It is relatively typical for me to get hired by CEOs and HR executives to help develop and optimize their leaders. They know rationally, if not emotionally, it is critical for the long term adaptability and success of their organization. I am often on the list of resources to check out because of my extensive background working with senior executives and senior executive teams. Most surveys looking to gather and focus the important business trends these days have leadership development in the top 5 things to invest in. The proverbial question of “what is on the CEO’s mind?” will have leadership capacity and capability at the top.
Similarly, nobody (well almost nobody) would deny the importance for all of us to work on climate change. In our heads, we all agree it is the most important survival issue of our time. But, like leadership development, it is not front and centre as an issue of the heart. The down side of not fixing the climate problem, or the leadership problem is that neither scare us enough.
Climate change and leader development are both over there. They are not here, now. And there is so much here, in the form of fires that have to be put out that managers have great difficulty putting time and energy on the over there.
Like the “climate” story, the “leadership” story often fails to convert us or even interest us after a while.
The ambitions for both the climate movement and the leadership movement are to captivate and transform. We are not writing a good story for either of these movements.
For me to want to change my behaviour as a leader, I have to be captivated to begin with. I have to strongly believe that my current behaviour will lead to an erosion of my happiness and success. And soon. For many managers to work on their leadership they have to be scared that if they don’t they will fail as both professionals and people. That is the first hurdle for which there often isn’t a good enough scary story told. We need a couple of good ghost stories for both the problem of leadership and the problem of the climate.

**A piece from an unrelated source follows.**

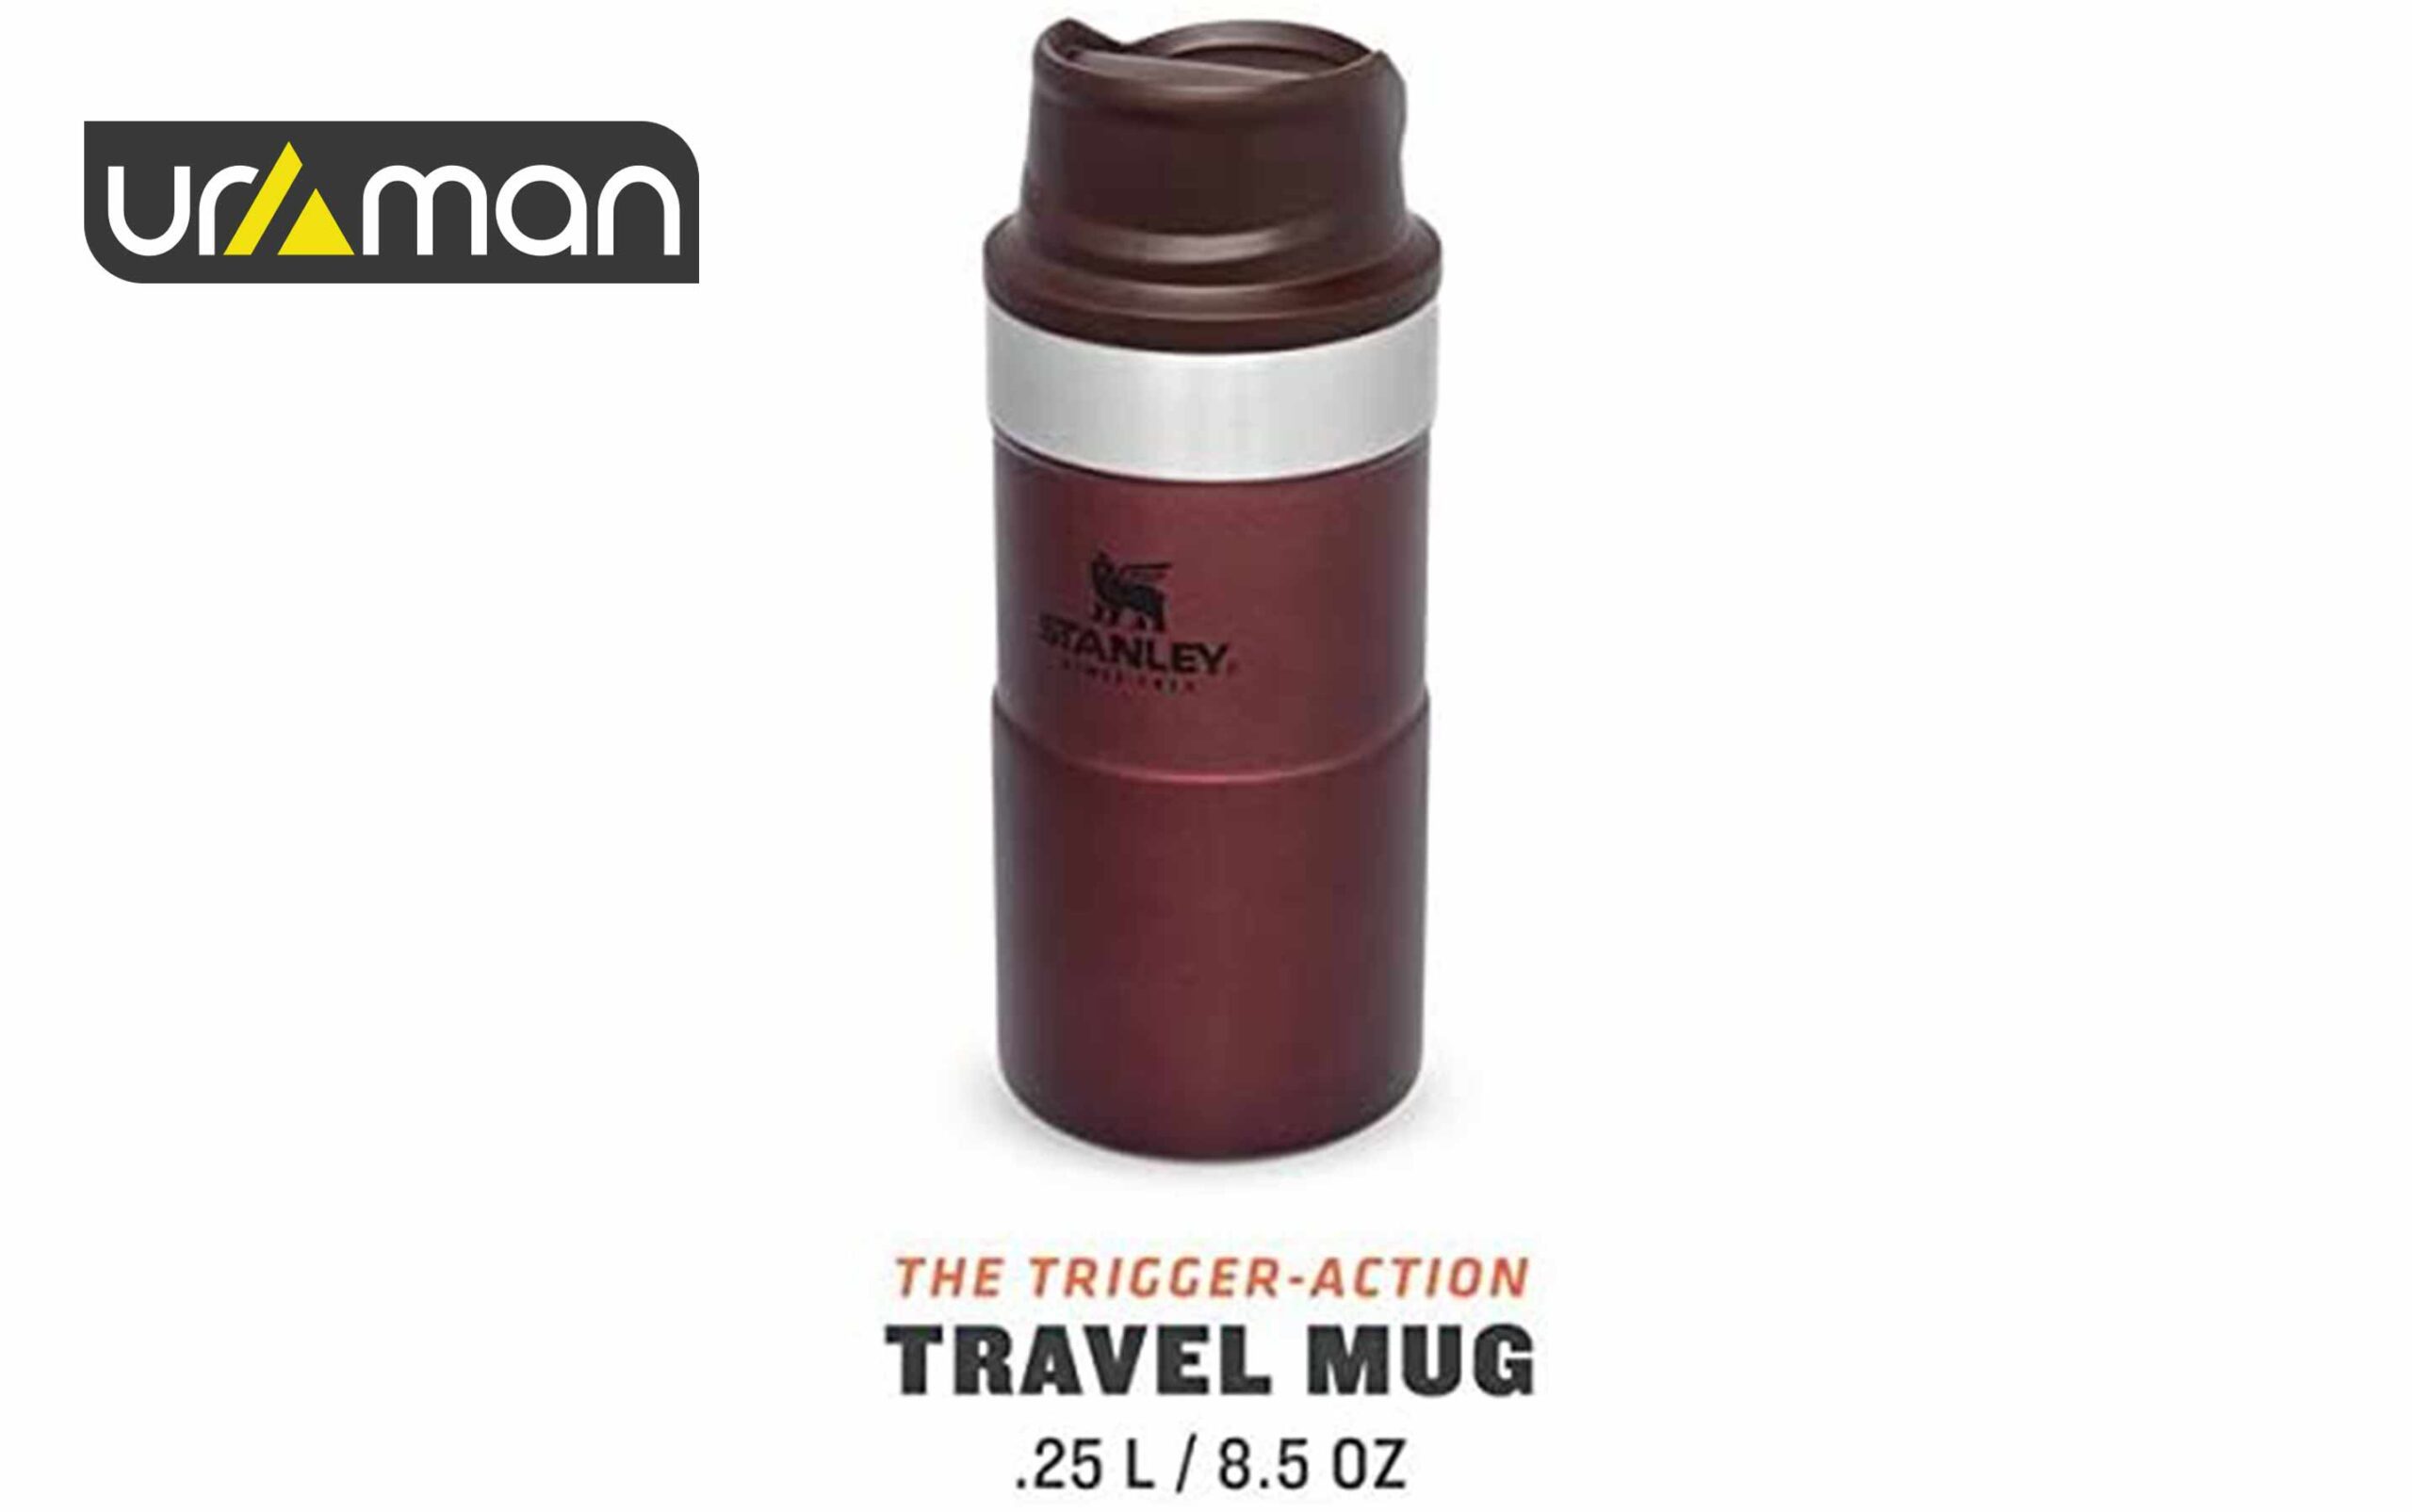 ماگ دکمه دار استنلی مدل The Trigger - Action Travel mug 0.35L

I was just informed that a new coaching client of mine had been fired, just a few weeks into the contract. Neither one of us had been clearly “told the story” that this might happen if he didn’t shape up. In retrospect we were both too casual in our work together. I never asked her the question, “what might happen to you, if you aren’t able to change these behaviours?” Neither of us were captivated by a clear story.
Secondly, once captivated, the ambition is to transform some old beliefs and habits into new ones. What is usually neglected in the process of personal transformation is telling a good story about the bad personal habits and beliefs that have us “habituated” into dysfunctional behaviour. Too embarrassing to publically acknowledge these. The transformation story focuses too much on developing new skills, rather than digging deeper into the reasons for why, even if we learned new skills we wouldn’t be able to exercise them because we were still locked into the old habits and beliefs.

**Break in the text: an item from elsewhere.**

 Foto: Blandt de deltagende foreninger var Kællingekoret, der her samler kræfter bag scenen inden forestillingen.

I also think the climate story needs to focus on what is behind our lack of urgency to take personal responsibility for the climate disaster, and how do we should deal with those bad habits, poor assumptions, dysfunctional beliefs that prevent us from acting. We know what we have to do….we just aren’t motivated to do it.
We are guilty of the same thing with leadership development. Both ambitions are over there and not here. Both ambitions don’t scare us enough into putting our will and skill into solving the problem. Both ambitions focus too much on skillsets and not enough on mindsets.